To change the number of results issued, use the -n
parameter:
shellmine -n 2
Result:
[
{
"count": 20,
"cmd": "shellmine",
"ts_last": {
"from_epoch": 1521314167.0,
"iso": "2018-03-17T15:16:07"
}
},
{
"count": 4,
"cmd": ". ~/.profile",
"ts_last": {
"from_epoch": 1521312465.0,
"iso": "2018-03-17T14:47:45"
}
}
]
You can also single out a period for the analysis, using the --from
and --to
parameters:
shellmine -n 5 --from '2018-03-17 15:00' --to '16:00'
Results:
[
{
"count": 4,
"cmd": "shellmine",
"ts_last": {
"from_epoch": 1521314167.0,
"iso": "2018-03-17T15:16:07"
}
},
{
"count": 3,
"cmd": "man bash",
"ts_last": {
"from_epoch": 1521316471.0,
"iso": "2018-03-17T15:54:31"
}
},
{
"count": 1,
"cmd": "shellmine | pbcopy",
"ts_last": {
"from_epoch": 1521316479.0,
"iso": "2018-03-17T15:54:39"
}
},
{
"count": 1,
"cmd": "make PREFIX=hoho",
"ts_last": {
"from_epoch": 1521314188.0,
"iso": "2018-03-17T15:16:28"
}
},
{
"count": 1,
"cmd": "make",
"ts_last": {
"from_epoch": 1521314180.0,
"iso": "2018-03-17T15:16:20"
}
}
]
Finally, in order to look up the frequency of sub-commands or parameters of certain commands, simply type the prefix:
shellmine git
Result:
[
{
"count": 1,
"cmd": "git push -u origin master",
"ts_last": {
"from_epoch": 1521313577.0,
"iso": "2018-03-17T15:06:17"
}
},
{
"count": 1,
"cmd": "git remote add origin git@github.com:hamelin/shellmine.git",
"ts_last": {
"from_epoch": 1521313560.0,
"iso": "2018-03-17T15:06:00"
}
}
]
The database runs from the Docker container shell-mining
, unless it was named
otherwise through setting environment variable SHELLMINE_CONTAINER
. In any
case, one may easily access the database in order to play with raw data or
remove excess data.
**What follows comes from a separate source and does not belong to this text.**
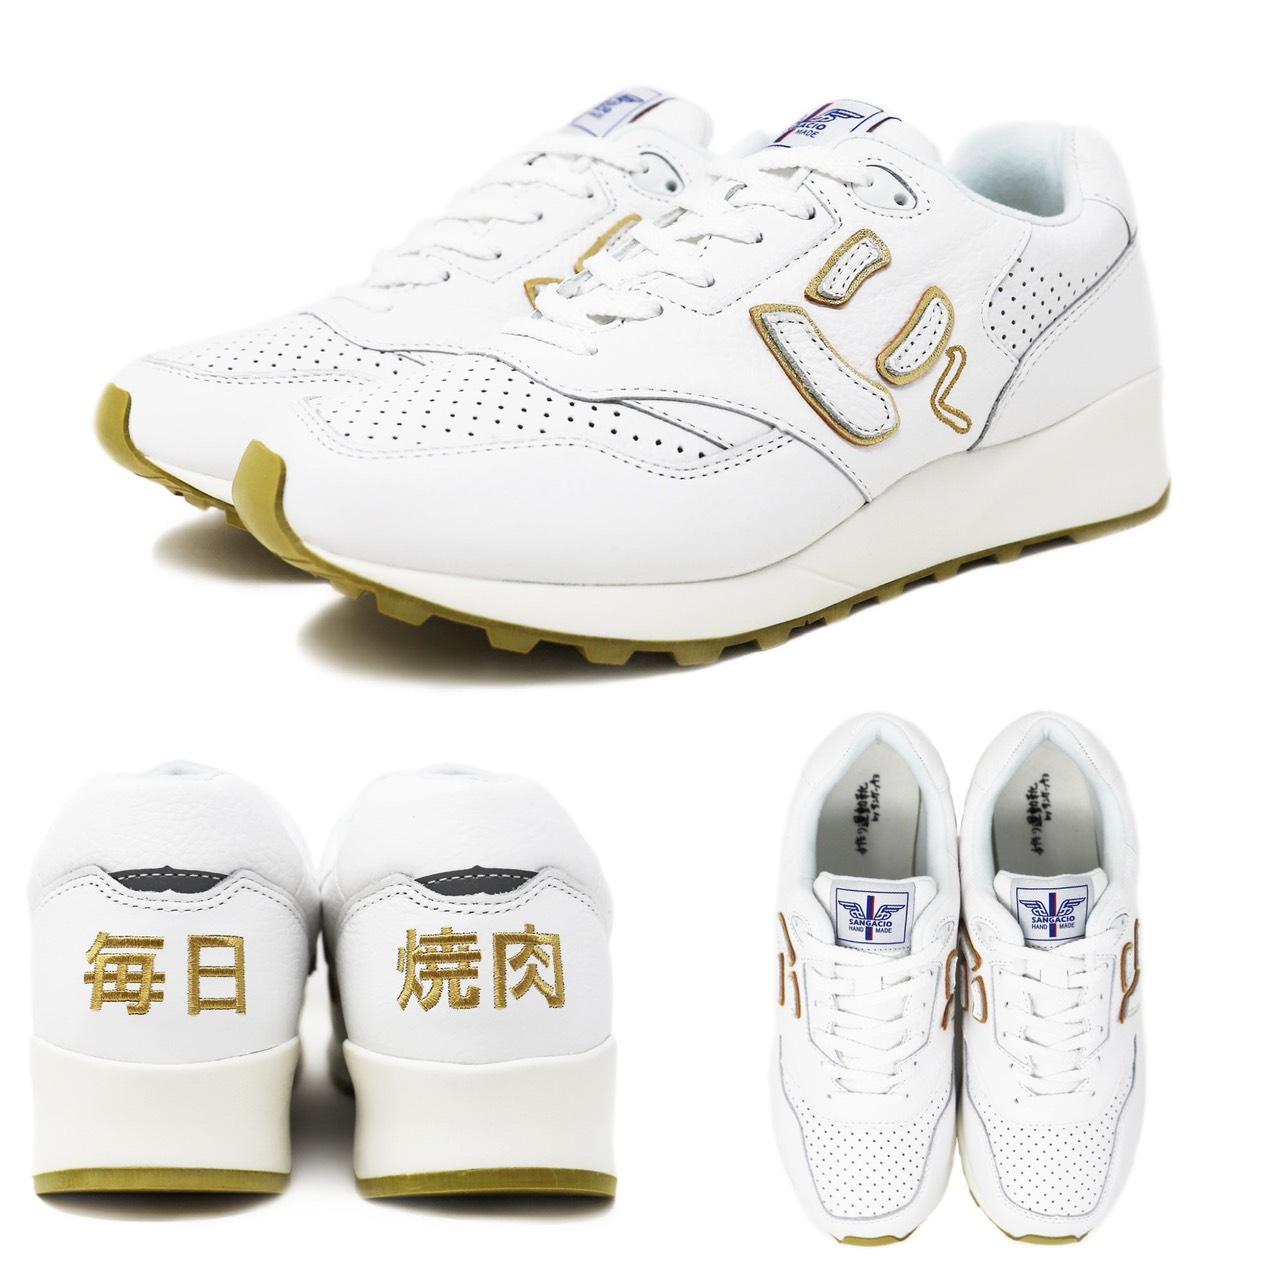 Yakiniku-sneakers-meat-beef-fashion-sangacio-Japan-food-Japanese-cool-shop-photos-2.jpg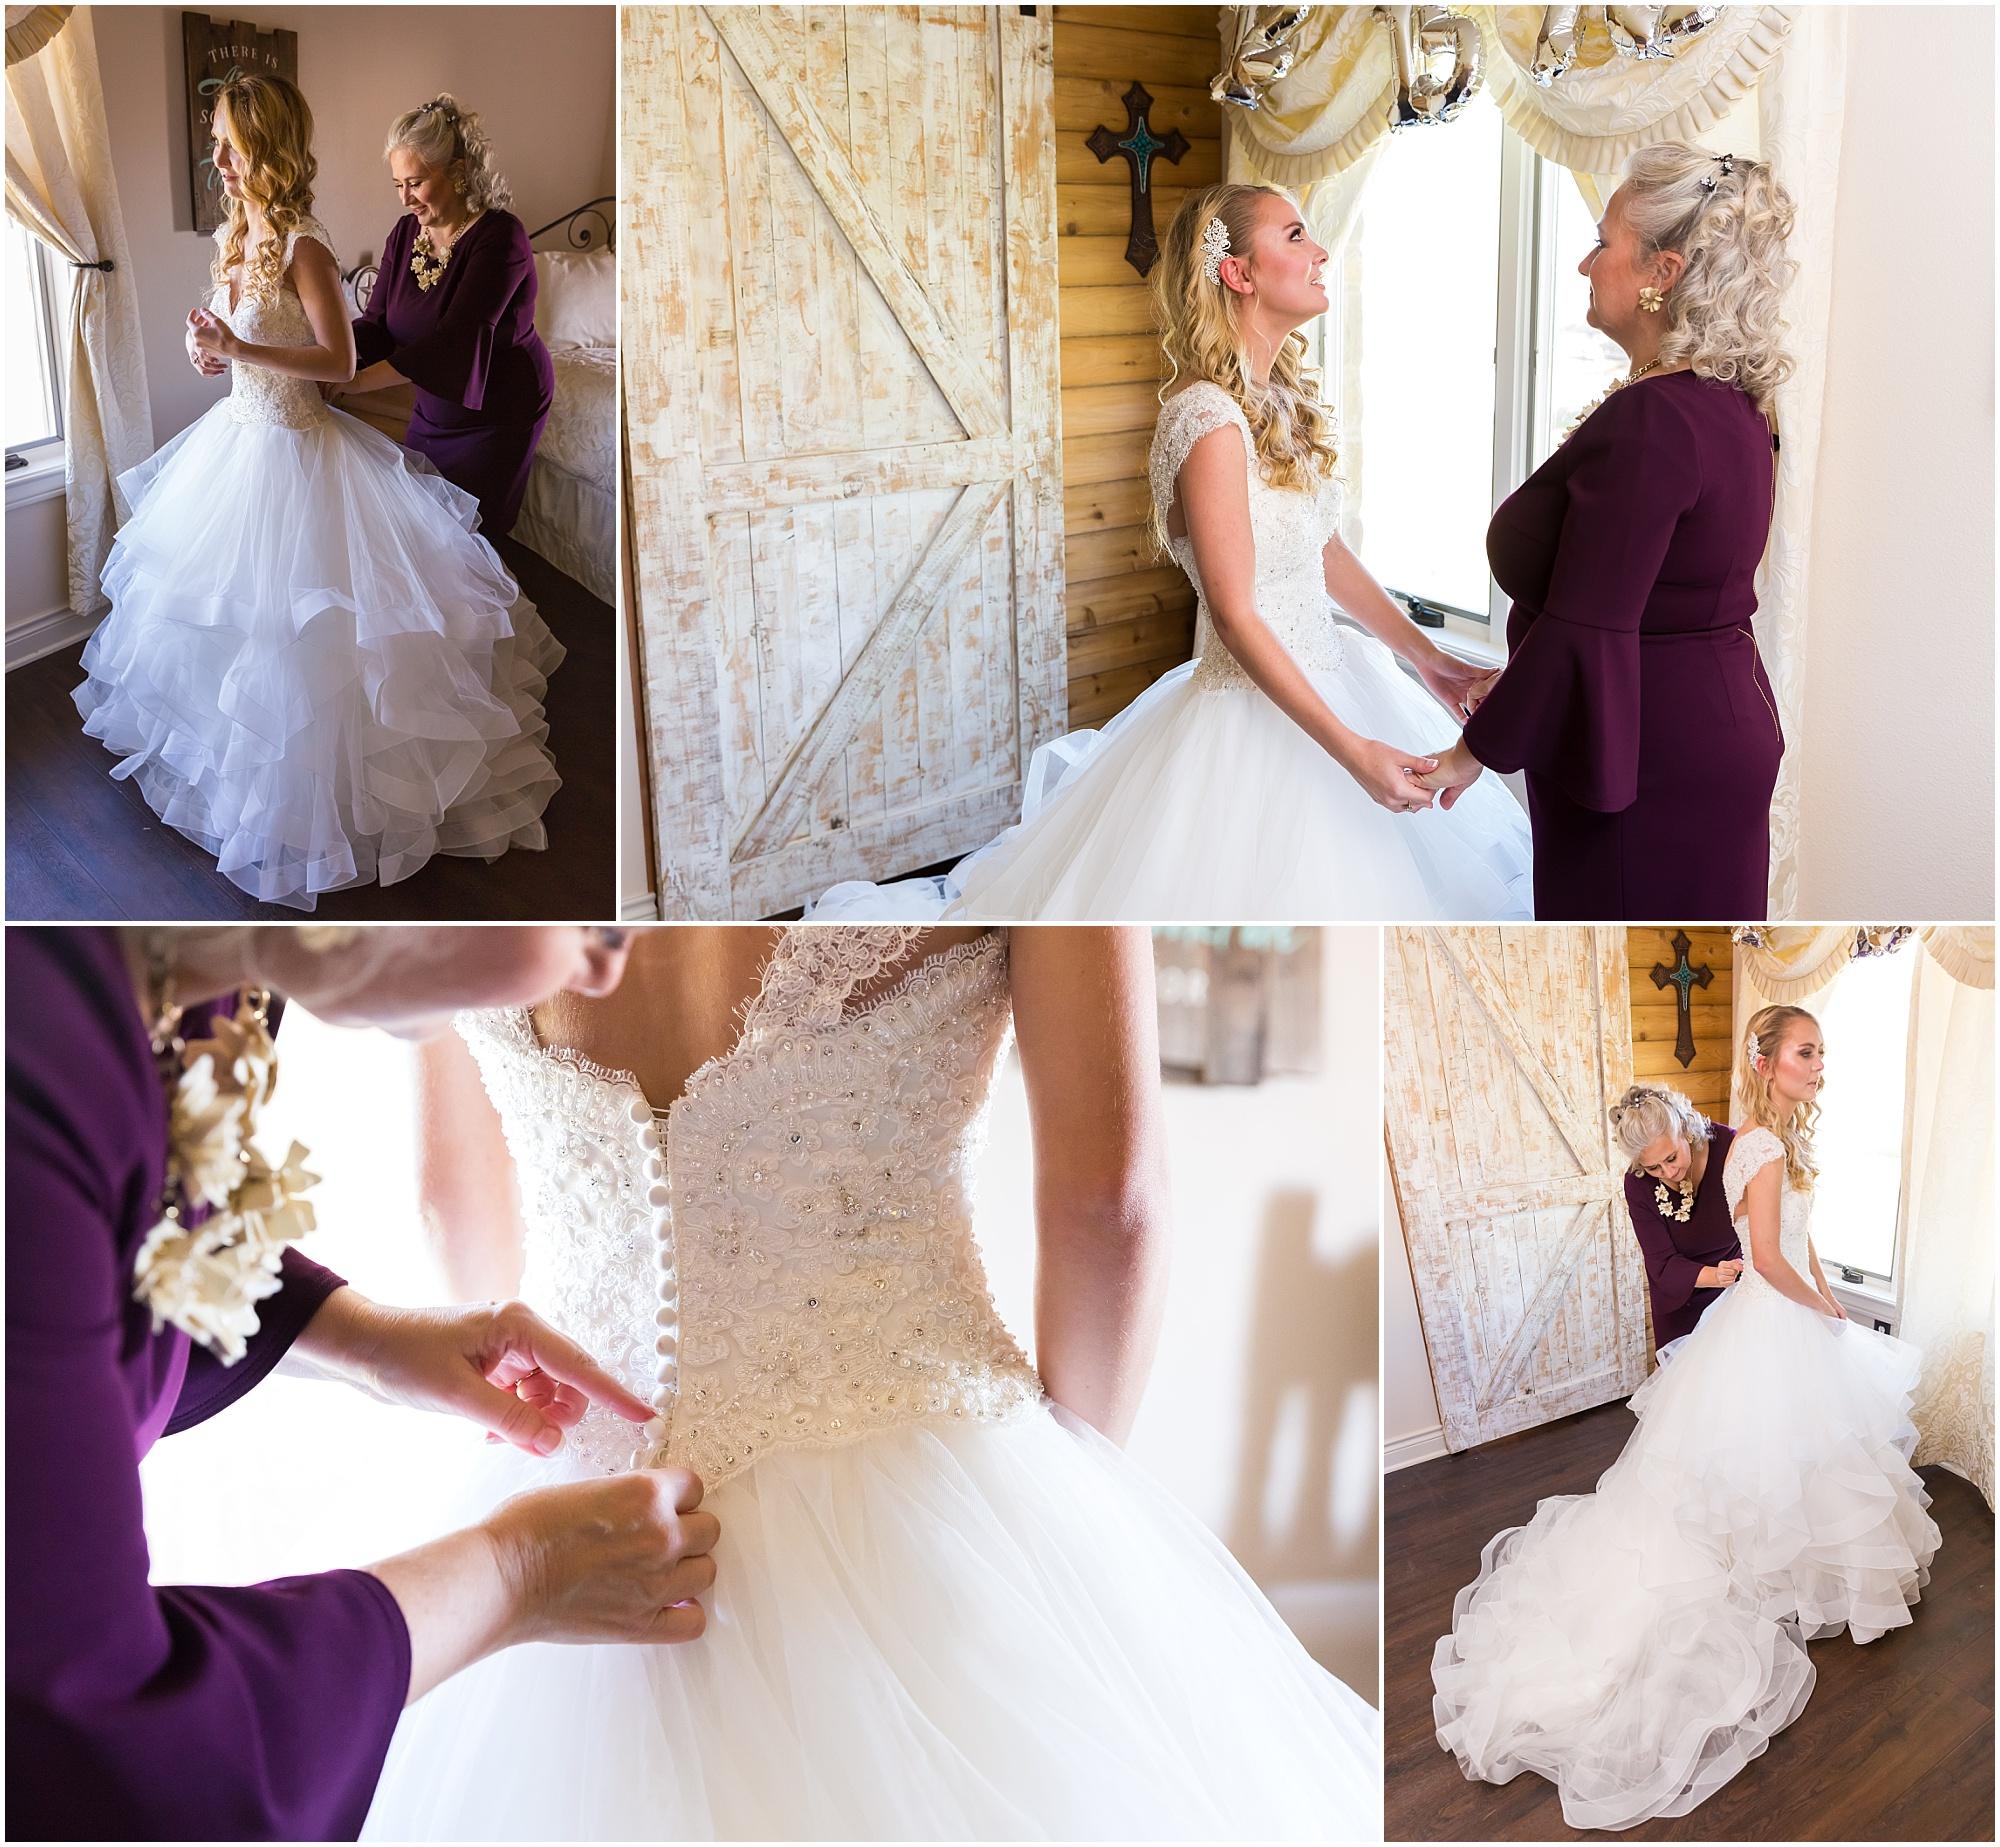 Disney-Inspired-Wedding-Central-Texas_0008.jpg

Simply run
docker exec -it -u postgres shell-mining psql --db shell-mining
To connect as the shellmine
user (or whatever else was set up through the
SHELLMINE_USER
environment variable), append --username shellmine
to this
command.
I find that, in order to facilitate the hacking of this code, it feels best to
set myself up with a directory of executables directly in my account, at
$HONE/usr/bin
, and symlink shellmine.py
to $HOME/usr/bin/shellmine
. Thus,
changes to the source are deployed instantly and can be experimented with live.